There were those who accepted the new law with some trepidation, aware of rising class tensions in the island. Pedro R. Pierluisi, Puerto Rico’s nonvoting member of Congress, warned of the political instability that exists in Puerto Rico and the danger of a social explosion: “I hope every Member of Congress will bear in mind that the collapse of the bill could mean the collapse of Puerto Rico’s government,” declared Pierluisi.

The debt crisis and austerity measures of the administration of Alejandro García Padilla are magnifying a decade-long humanitarian crisis in Puerto Rico.

Hundreds of cases of the Zika virus have recently been documented. Though the virus is mosquito-borne, mosquito control is being hampered by budget cuts. Water quality and delivery that depends on an aging and collapsing infrastructure also allows mosquitoes to breed. Worsening the crisis is the flight of health professionals from Puerto Rico, and the closure of clinics and hospitals. In San Juan, people often wait 12 or more hours at crowded emergency rooms.

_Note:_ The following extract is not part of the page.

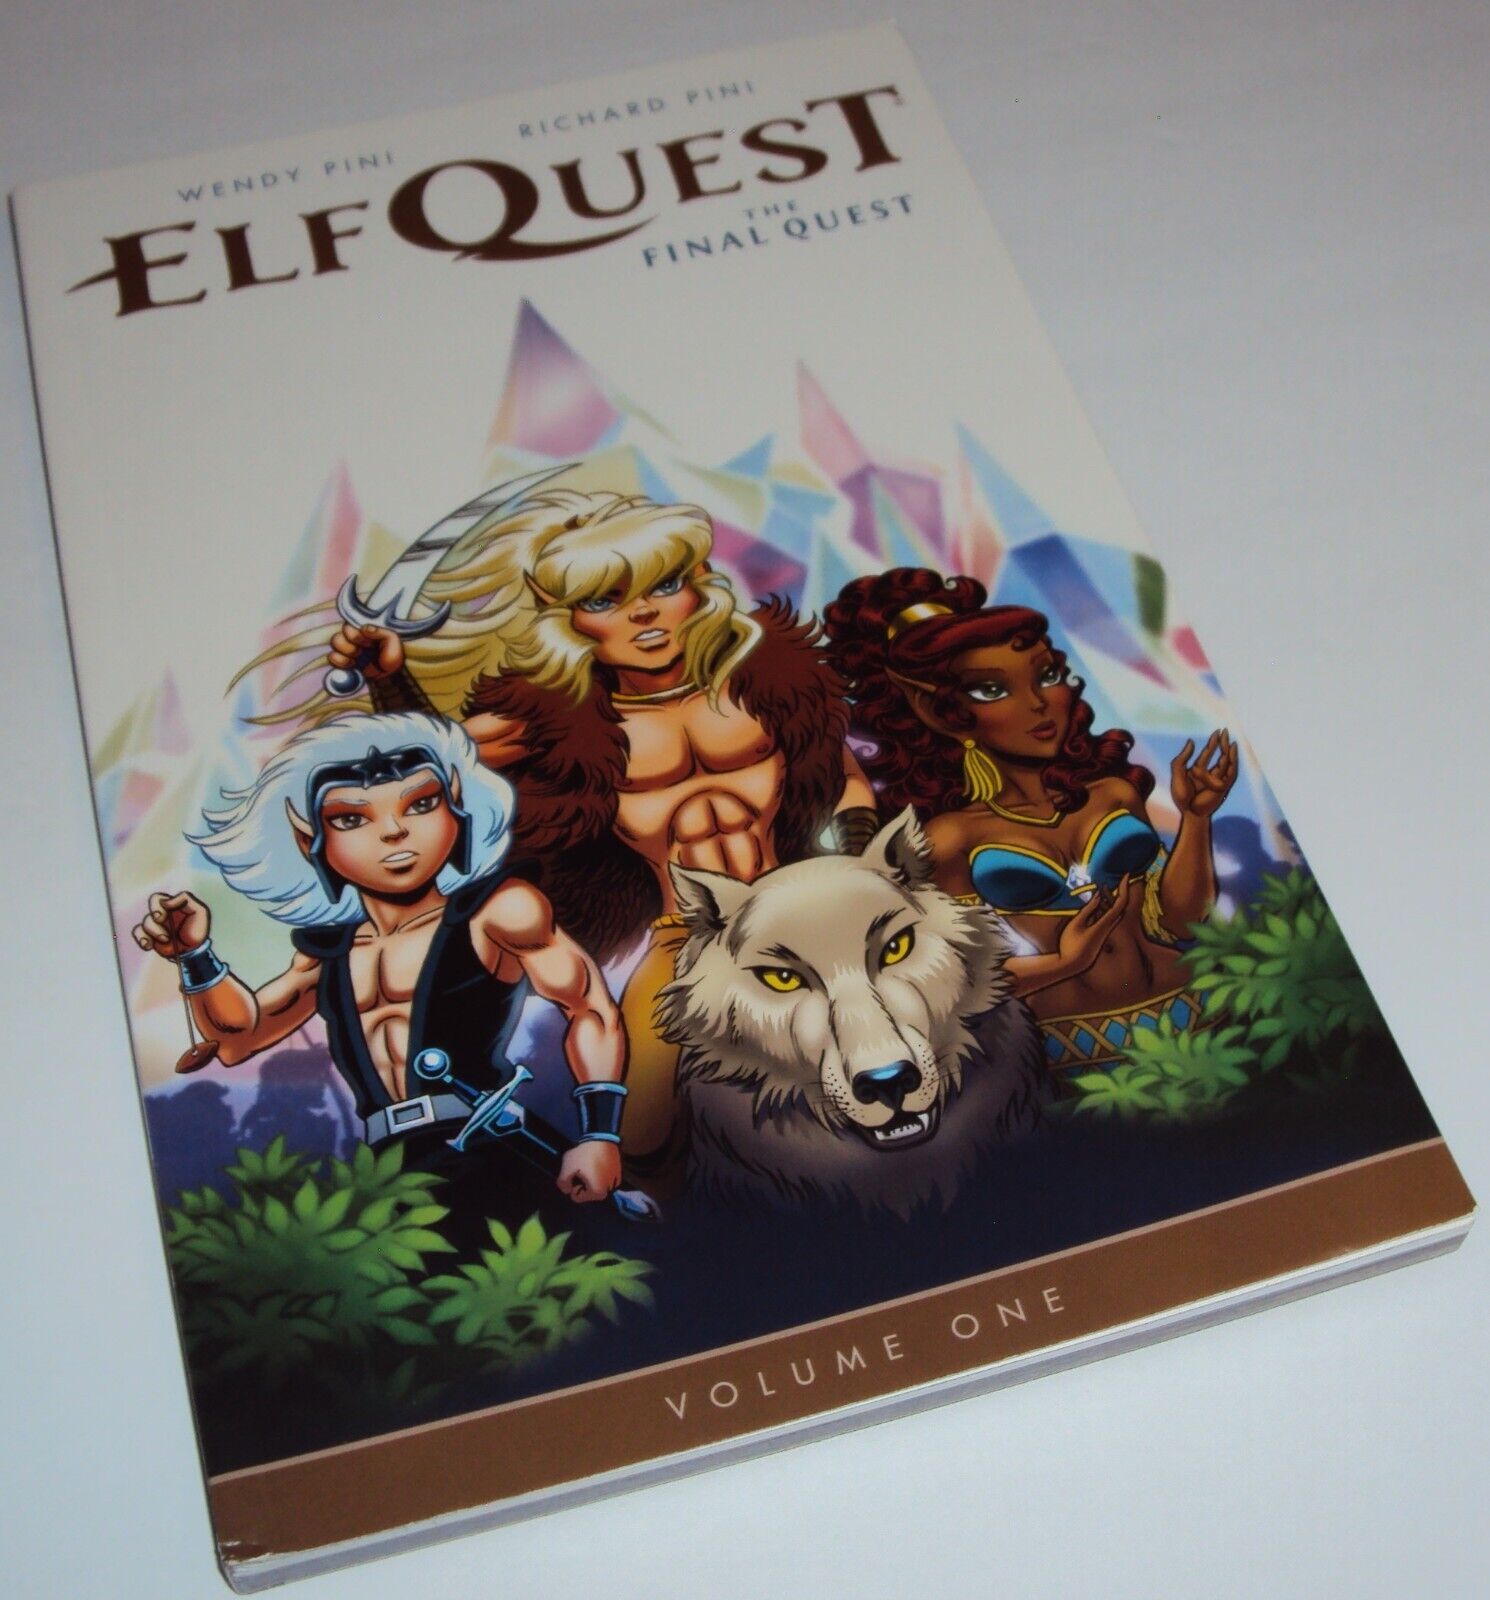 Elfquest The Final Quest Vol. # 1 One Wendy Pini Richard Dark Horse Comics Book

Compounding the health crisis is a food crisis. Half a million Puerto Ricans are in poverty, of which only 110,000 receive food assistance. For many children their main meal is the lunch that schools provide. Thousands depend on food banks and soup kitchens. A recent TV report on hunger in Puerto Rico asked a 10-year-old in the town of Lares about his dreams: “When I dream, I dream of food,” answered the child. Statistically, 47 percent of Puerto Rican children live in poverty, the highest in the United States.